As such, monitoring cyanobacteria HABs in nearshore environments in close proximity to human activities is challenging for a number of reasons, including shallow water depths, limited access to sampling locations, difficult environmental conditions, and the expanse of affected coastline.
What We Are Doing
The overarching goal of this project is to provide near-real time, in situ detection of cyanotoxins via the integration of a 3G ESP with an autonomous surface vehicle (ASV) capable of sampling at multiple depths throughout the water column, particularly in depths less than 5 m. The suite of available commercial ASV platforms is large and continues to expand at a rapid pace, including “uncrewed” surface vehicles such as sail drones, wave riders and solar powered propeller-driven platforms.
Monterey Bay Aquarium Research Institute’s (MBARI) recent development and field-testing of a long-range autonomous underwater vehicle (LRAUV) equipped with a 3G ESP for locating and interrogating HABs begins to address cyanobacteria HAB monitoring, sampling and analytical issues in shallow environments. Through a collaboration involving MBARI, NOAA Great Lakes Environmental Research Laboratory (GLERL) , NOAA Atlantic Oceanographic and Meteorological Laboratory (AOML), and NCCOS, the 3G ESP/LRAUV has demonstrated the ability to autonomously perform in situ sample acquisition, processing, and analysis for microcystin in near-real time and sample preservation for post-deployment ‘omics analysis - all accomplished while underway in Lake Erie. However, the scope of these missions was limited by depth (minimum operating depth of 5 m), battery power, and a need to remain submerged for safety reasons.
To accomplish the project goal of incorporating a 3G ESP into a ASV, the project has three objectives: (1) compare maneuverability, agility, and capabilities of the ASV to the LRAUV; (2) improve workflow and refinement of the embedded surface plasmon resonance (SPR) analytical chemistry assays, which will focus on robust and reliable microcystin detection; (3) further integration of the 3G ESP into the ASV; and (4) evaluate performance of the 3G ESP/ASV in the field across multiple spatial and temporal scales (Year 2: western Lake Erie; Year 3: Lake Pontchartrain Basin, LA).
Benefits of this Project
There is increasing recognition within NOAA that deployment of unmanned systems can enable the agency to meet selected mission requirements more efficiently and effectively. The ASVs being tested in this project can further advance NOAA’s ability to acquire, process, and analyze samples in situ and in near-real time.
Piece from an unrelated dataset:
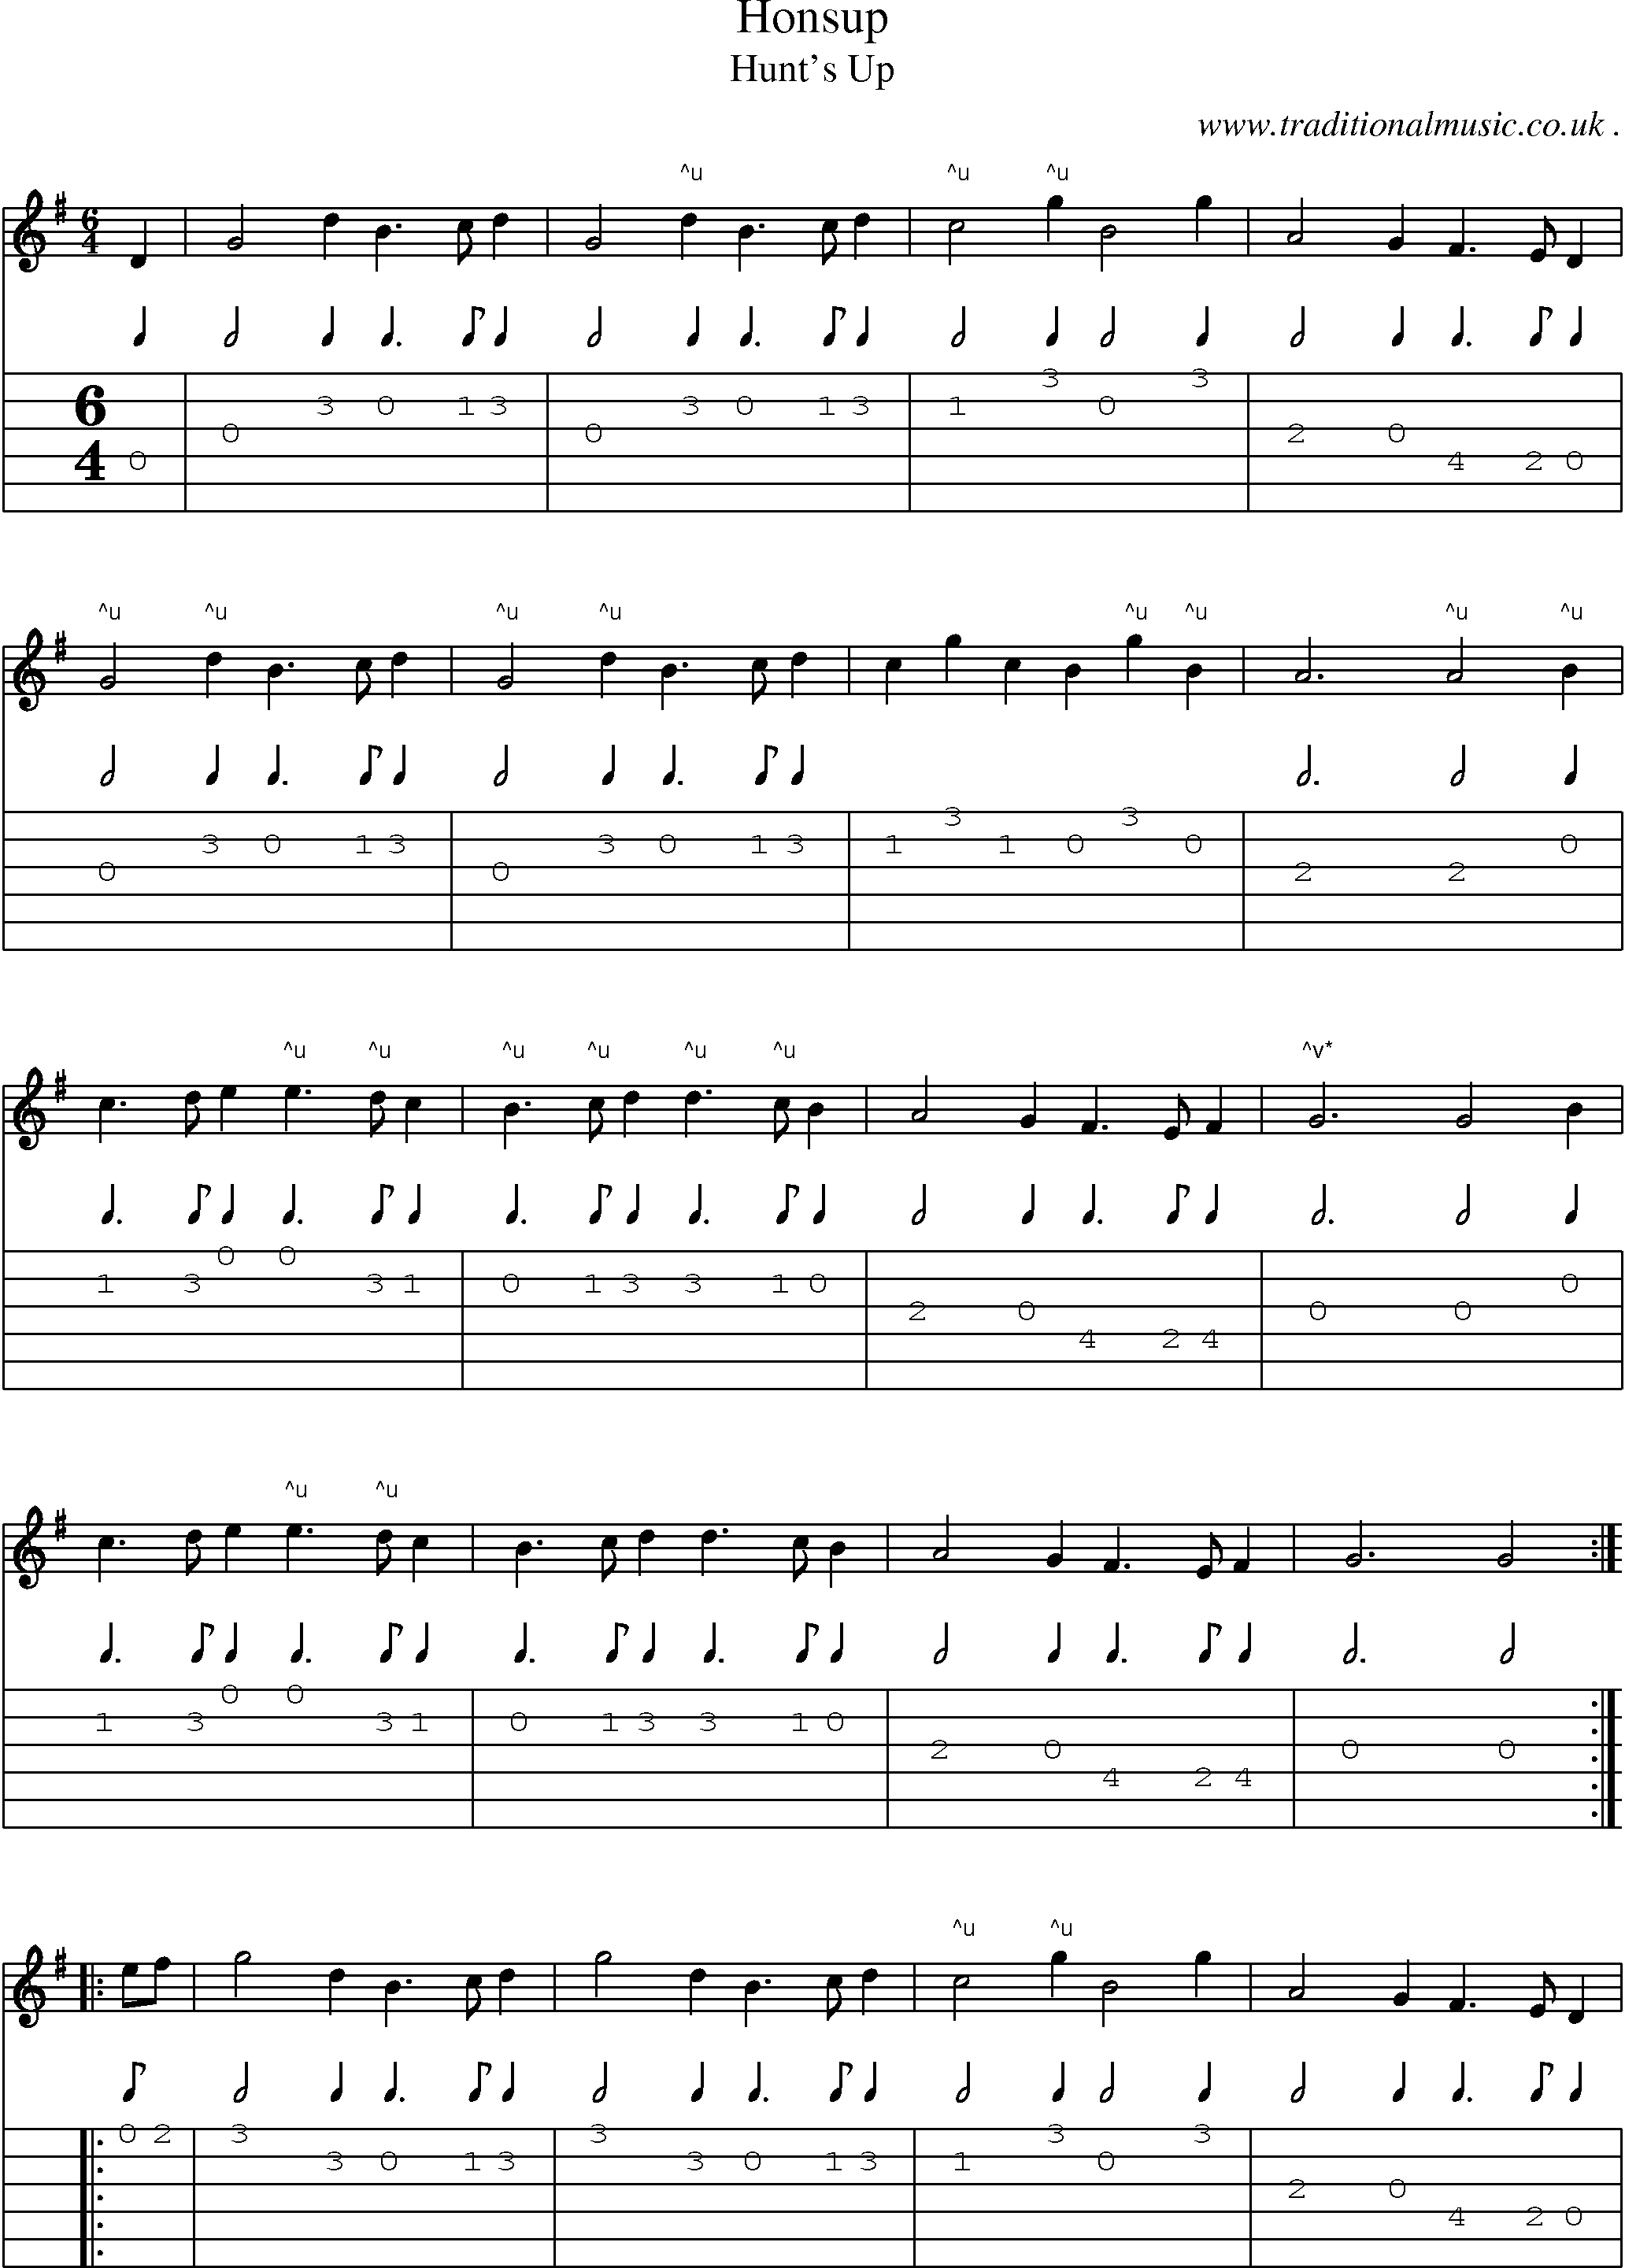 Sheet-Music and Guitar Tabs for Honsup

Combining state-of-the-art ASV technology with the 3G ESP will provide NOAA with scalable, automated biological observing capabilities of unprecedented spatio-temporal resolution, particularly in shallow, coastal systems. The development of a system that can access these shallow nearshore environments and transmit HAB toxin concentration data to shore-based operators in near-real time, as well as facilitate dissemination of this information to resource managers, will support timely decision-making and bloom forecasting for protecting public health and mitigating other HAB socioeconomic impacts.
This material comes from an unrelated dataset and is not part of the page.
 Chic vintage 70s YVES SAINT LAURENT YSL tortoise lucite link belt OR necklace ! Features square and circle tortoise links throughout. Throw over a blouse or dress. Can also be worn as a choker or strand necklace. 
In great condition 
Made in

This project is a multi-investigator and multi-agency collaboration led by Dr. Reagan Errera of NOAA GLERL. Co-investigators include Gregory Doucette (NOAA NCCOS), Steve Ruberg (GLERL), Kelly Goodwin (AOML), Bill Ussler (MBARI), James Birch (MBARI), Christopher Scholin (MBARI) and Sibel Bargu Ates (Louisiana State University).
This project is supported by the NCCOS PCMHAB Program.